The door swung inward on noiseless hinges. Two women entered. The first thing to catch his attention was the fact that one of the women wore a mask, a cibus hood of shapeless, light-drinking black. She would see him clearly through the hood, he knew, but her features would never reveal themselves, not even to the most subtle instruments of penetration. The hood said that the Ixians or their inheritors were still at work in the Imperium. Both women wore one-piece uniforms of rich blue with the Atreides hawk in red braid at the left breast.

Idaho studied them as they closed the door and faced him.

The masked woman had a blocky, powerful body. She moved with the deceptive care of a professional muscle fanatic. The other woman was graceful and slender with almond eyes in sharp, high-boned features. Idaho had the feeling that he had seen her somewhere, but he could not fix the memory. Both women carried needle knives in hip sheaths. Something about their movements told Idaho these women would be extremely competent with such weapons.
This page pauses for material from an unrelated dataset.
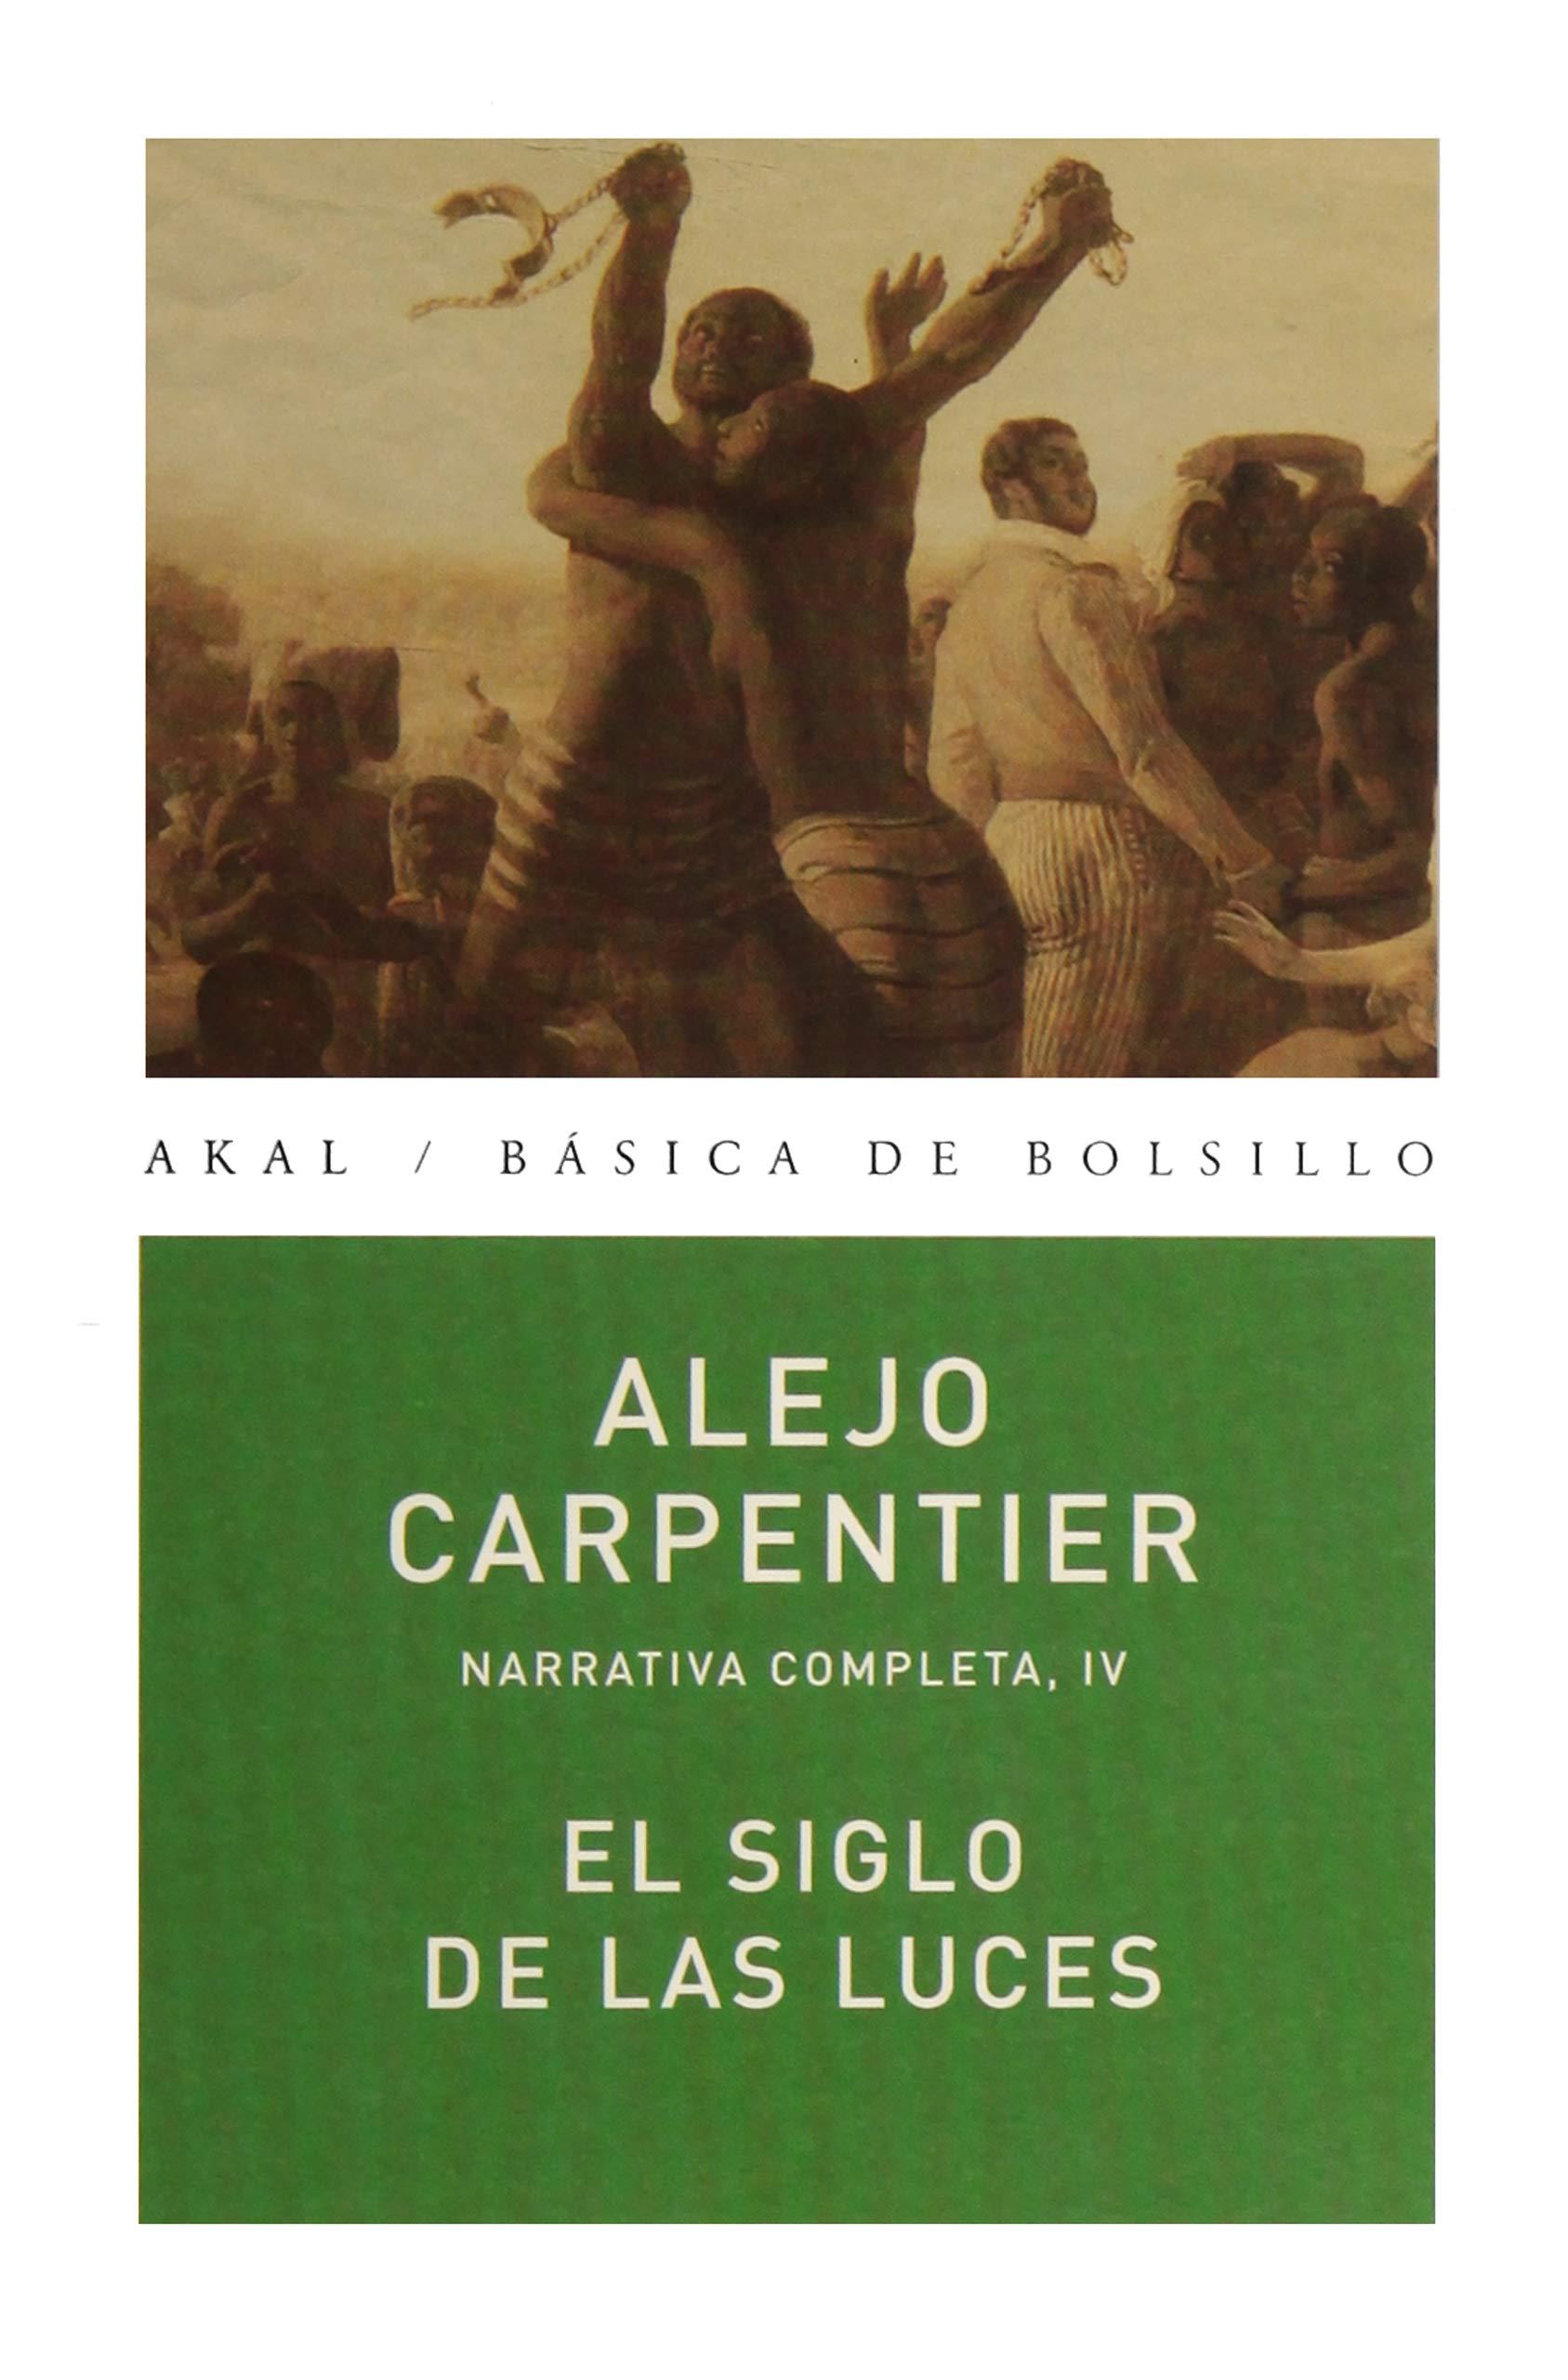 El siglo de las luces: 178 (Básica de Bolsillo): Amazon.es: Carpentier, Alejo: Libros

The slender one spoke first.

"My name is Luli. Let me be the first to address you as Commander. My companion must remain anonymous. Our Lord Leto has commanded it. You may address her as Friend."

"Commander?" he asked.

"It is the Lord Leto’s wish that you command his Royal Guard," Luli said.
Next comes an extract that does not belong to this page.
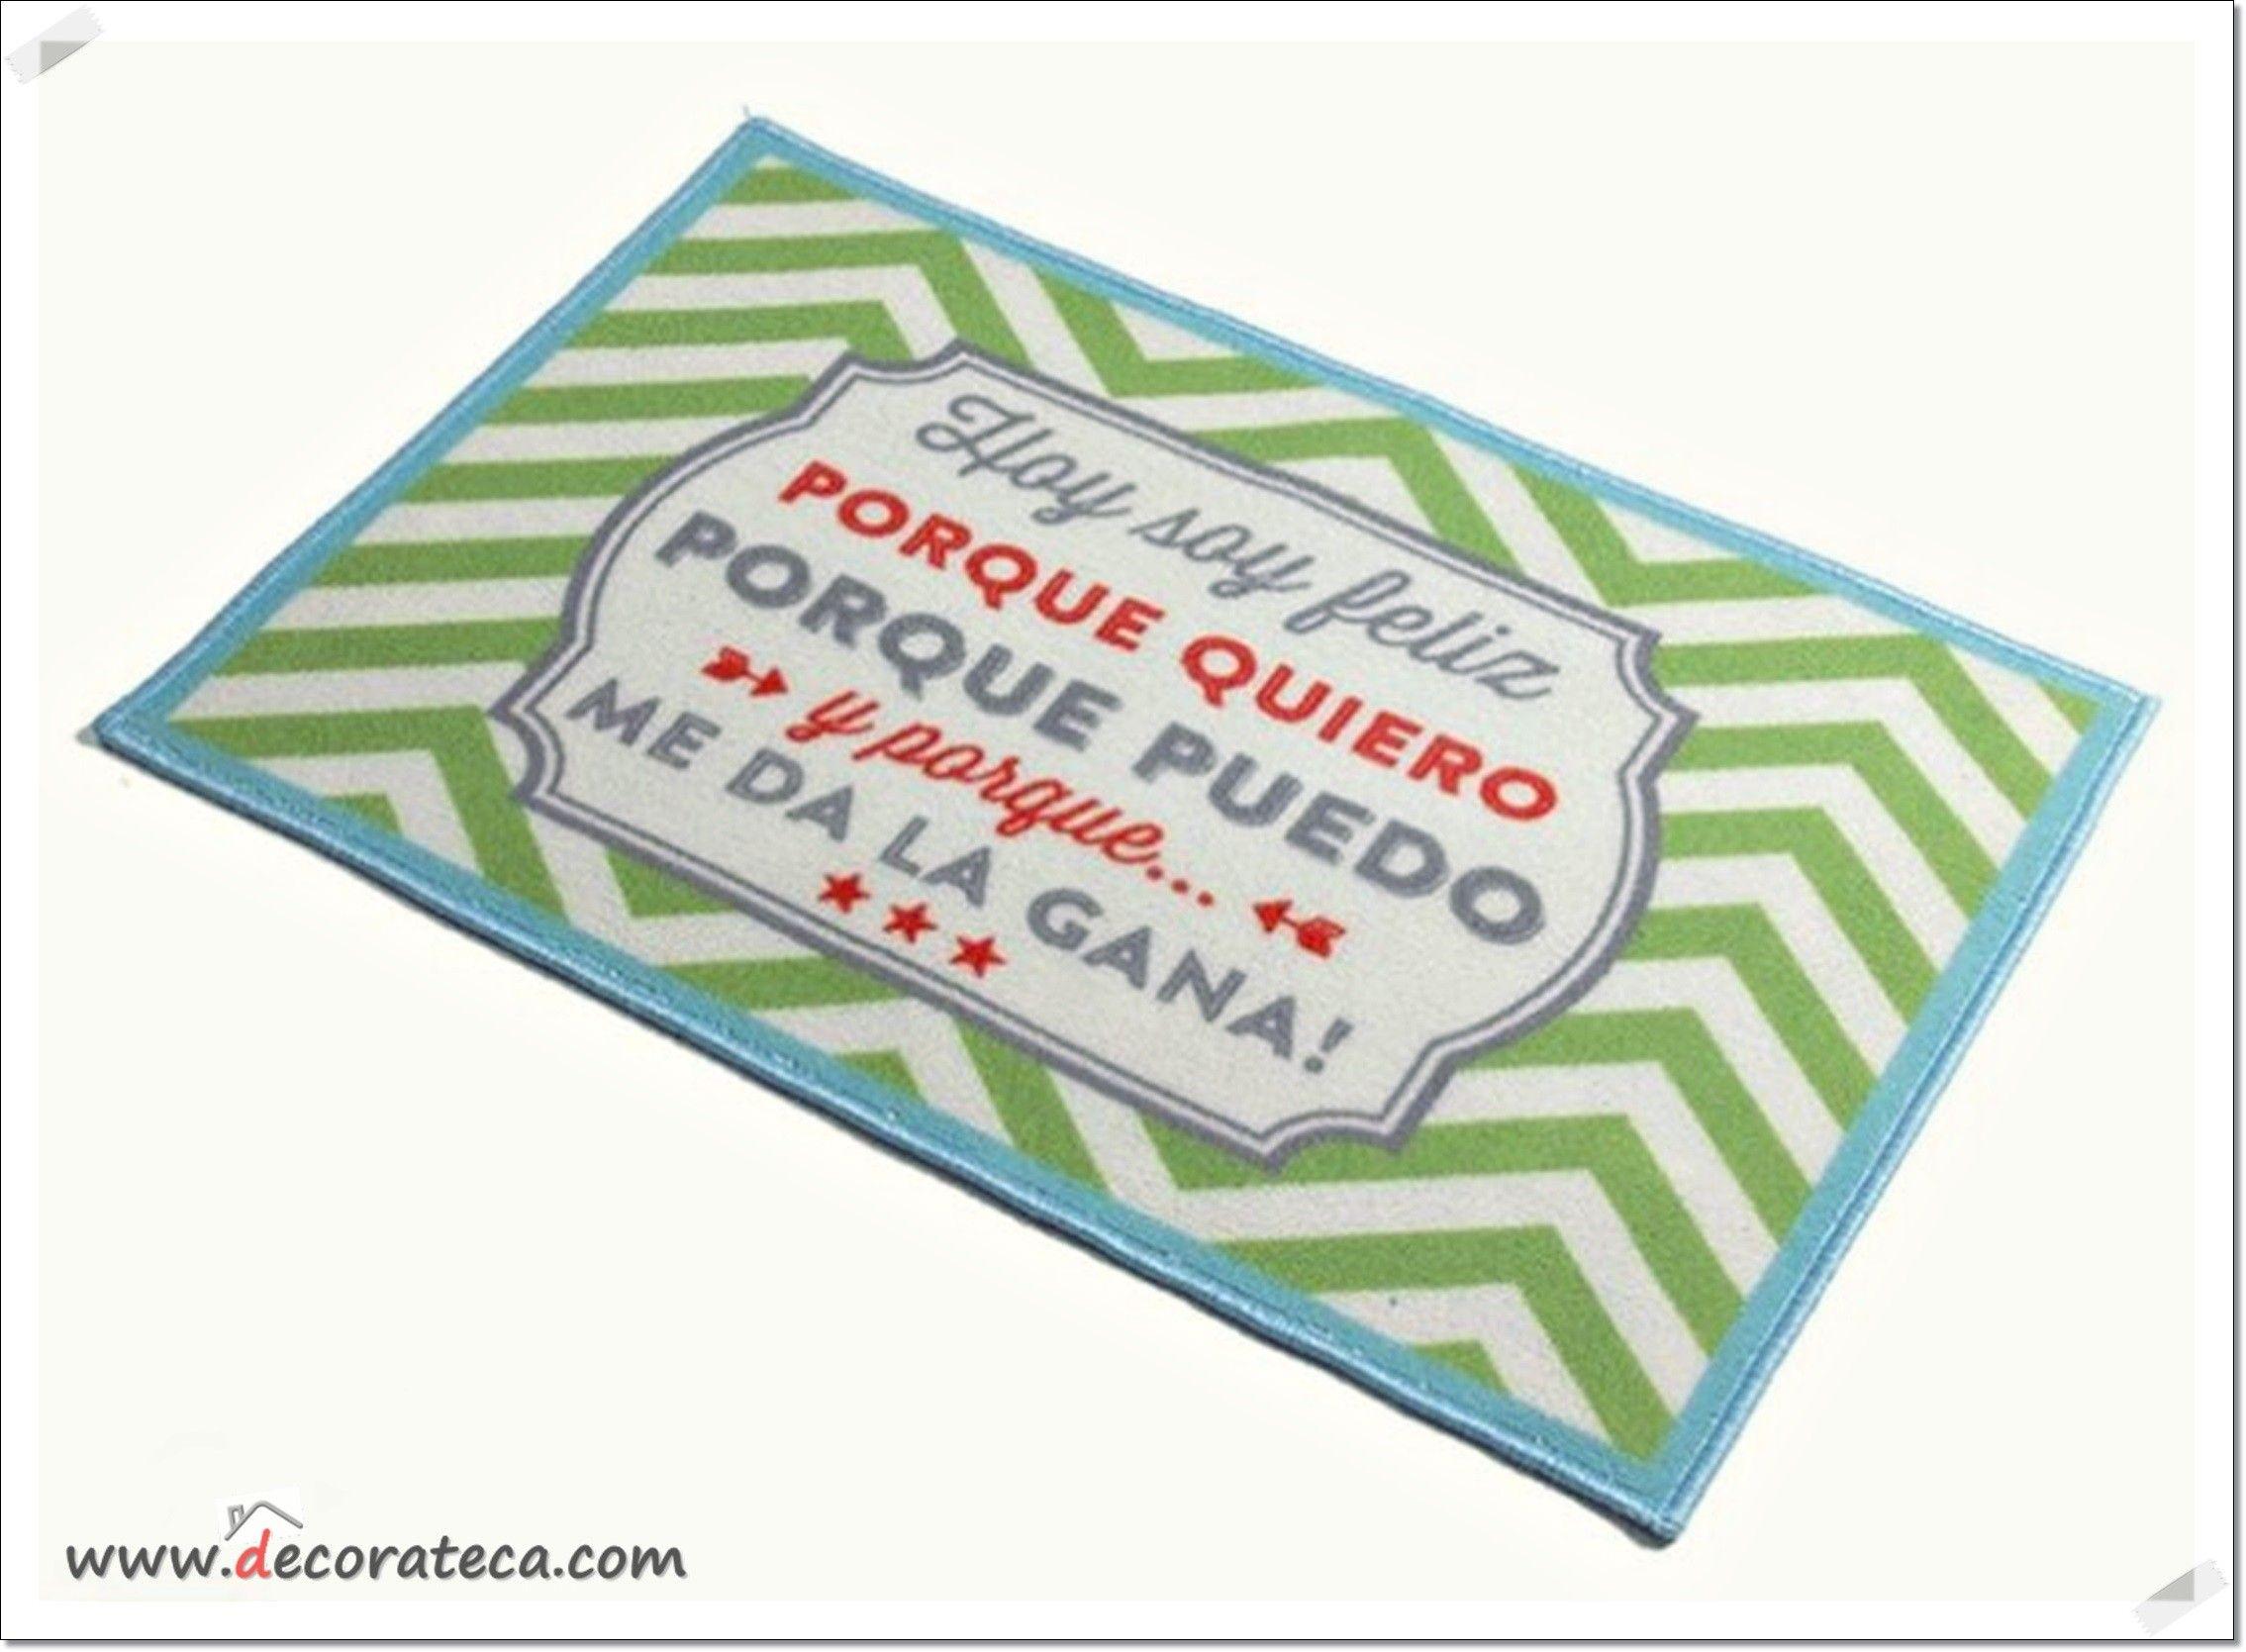 Original alfombra antideslizante hoy soy feliz porque - Alfombras bano originales ...

"That so? Let’s go talk to him about it."

"Oh, no!" Luli was visibly shocked. "The Lord Leto will summon you when it is time. For now, he wishes us to make you comfortable and happy."

"And I must obey?"

Luli merely shook her head in puzzlement.

"Am I a slave?"

Luli relaxed and smiled. "By no means. It’s just. that the Lord Leto has many great concerns which require his personal attention. He must make time for you. He sent us because he was concerned about his Duncan Idaho. You have been a long time in the hands of the dirty Tleilaxu."

Dirty Tleilaxu, Idaho thought.

That, at least, had not changed.

He was concerned, though, by a particular reference in Luli’s explanation.

"His Duncan Idaho?"

"Are you not an Atreides warrior?" Luli asked.

She had him there. Idaho nodded, turning his head slightly to stare at the enigmatic masked woman.

"Why are you masked?"

"It must not be known that I serve the Lord Leto," she said. Her voice was a pleasant contralto, but Idaho suspected that this, too, was masked by the cibus hood.

"Then why are you here?"

"The Lord Leto trusts me to determine if you have been tampered with by the dirty Tleilaxu."

Idaho tried to swallow in a suddenly dry throat. This thought had occurred to him several times aboard the Guild transport. If the Tleilaxu could condition a ghola to attempt the murder of a dear friend, what else might they plant in the psyche of the regrown flesh?

"I see that you have thought about this," the masked woman said.